Бэнни отправил Джеффу Корбитту целых двенадцать коробок папирос и все время думал о Поле. Свержение большевизма принимало в его глазах уже несколько иной характер теперь, когда это было связано с пребыванием Поля в течение неопределенного времени в Сибири. Равным образом и самая большевистская пропаганда после письма бывшего ковбоя из долины Солинае представлялась ему совсем уже иной. Бэнни чувствовал, что ему надо во что бы то ни стало что-нибудь предпринять, и он ничего лучшего не нашел, как сесть за стол и написать длинное письмо м-ру Лизерсу, члену конгресса. В нем он подробно рассказал обо всем, что слышал по поводу условий жизни в Сибири, и просил м-ра Лизерса, во-первых, проверить при содействии военного департамента слухи о существовании такой строгой военной цензуры в мирное время, а во-вторых — возбудить вопрос в конгрессе о тех причинах, которые заставляли все еще держать американские войска в Сибири.
Это письмо м-р Лизерс должен был получить через пять дней, а спустя семь дней после того, как Бэнни опустил его в ящик, хорошо одетый, приветливого вида незнакомец явился в дом Росса в Энджел-Сити и заявил, что он — владелец нефтяной концессии в Сибири и очень желал бы заинтересовать этой концессией м-ра Росса. Но м-р Росс был в это время в Парадизе, а потому этого незнакомого джентльмена принял Бэнни. Он разговорился с ним и, найдя его очень отзывчивым и сочувствующим его убеждениям и интересам, рассказал ему о Поле и показал письмо Джеффа Корбитта. Они вместе обсуждали положение вещей, создавшееся в Сибири, и симпатичный джентльмен сказал Бэнни, что раз не было никакого объявления войны России, то мы не имеем ни малейшего права действовать против русских. Бэнни ответил, что и он того же мнения, и незнакомый джентльмен, любезно простившись с ним, ушел — и больше никто уже никогда не упоминал об этой концессии. А две недели спустя Бэнни получил второе письмо от бывшего ковбоя, полное горьких упреков за то, что он, Бэнни, его выдал, так как он, Джефф, никому — кроме, как ему — ничего не писал, а между тем его начальство об этом узнало и посадило его в тюрьму, как он и предупреждал об этом Бэнни. И вот теперь он посылал контрабандой второе письмо только для того, чтобы сказать ему, что он посылает его к черту и желает, чтобы Бэнни остался там навсегда.
Это было новой ступенью в деле образования юного идеалиста.

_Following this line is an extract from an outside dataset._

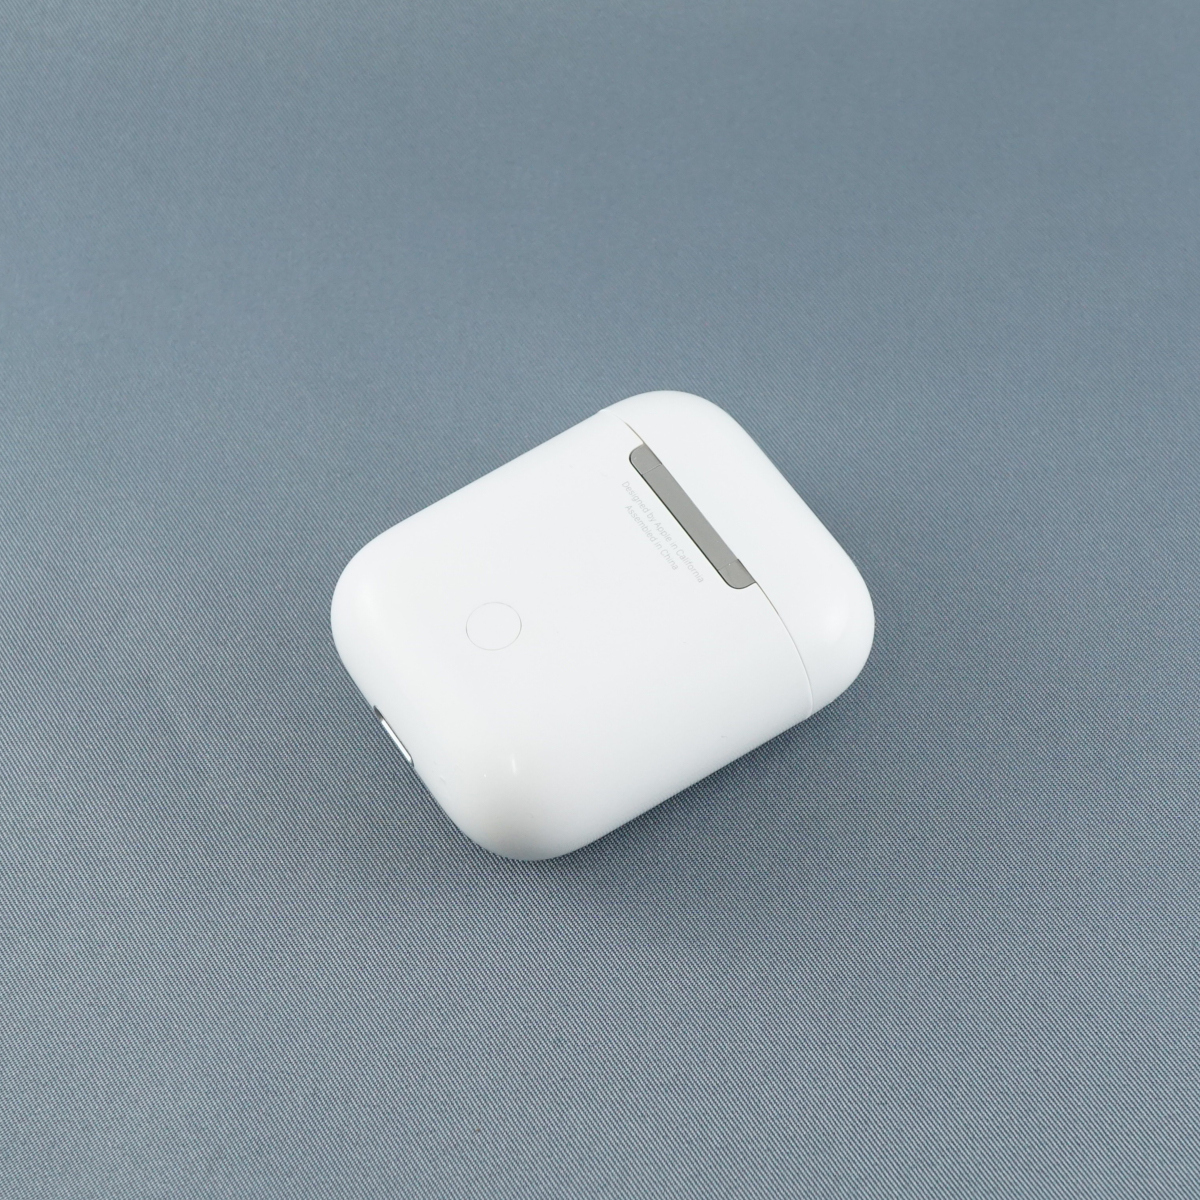 Apple AirPods エアーポッズ 充電ケースのみ USED美品 第二世代 Apple AirPods MRXJ2J/A 完動品 安心保証 即日発送 V5254_画像2

Бэнни чувствовал непреодолимую потребность рассказать кому-нибудь об этом эпизоде. На следующий же день, когда он ехал из университета домой в своем новеньком небольшом спортивном автомобиле, он увидел молодого преподавателя, м-ра Ирвинга, который шел по улице, слегка прихрамывая. Замедлив ход своей машины, Бэнни с ним поравнялся.
— Не сядете ли вы ко мне, м-р Ирвинг, и не позволите ли мне вас довезти? — спросил он.
— Да, если только нам с вами по одной дороге, — ответил тот.
— Мне безразлично, куда именно ехать, — сказал Бэнни. — Дело в том, что я очень ждал случая с вами поговорить, мне это очень, очень важно.
Молодой преподаватель сказал адрес и спросил Бэнни, о чем именно он хотел с ним говорить.
— Мне хотелось узнать ваше мнение: почему мы все еще продолжаем держать наши армии в Сибири. Для чего мы это делаем? — спросил Бэнни.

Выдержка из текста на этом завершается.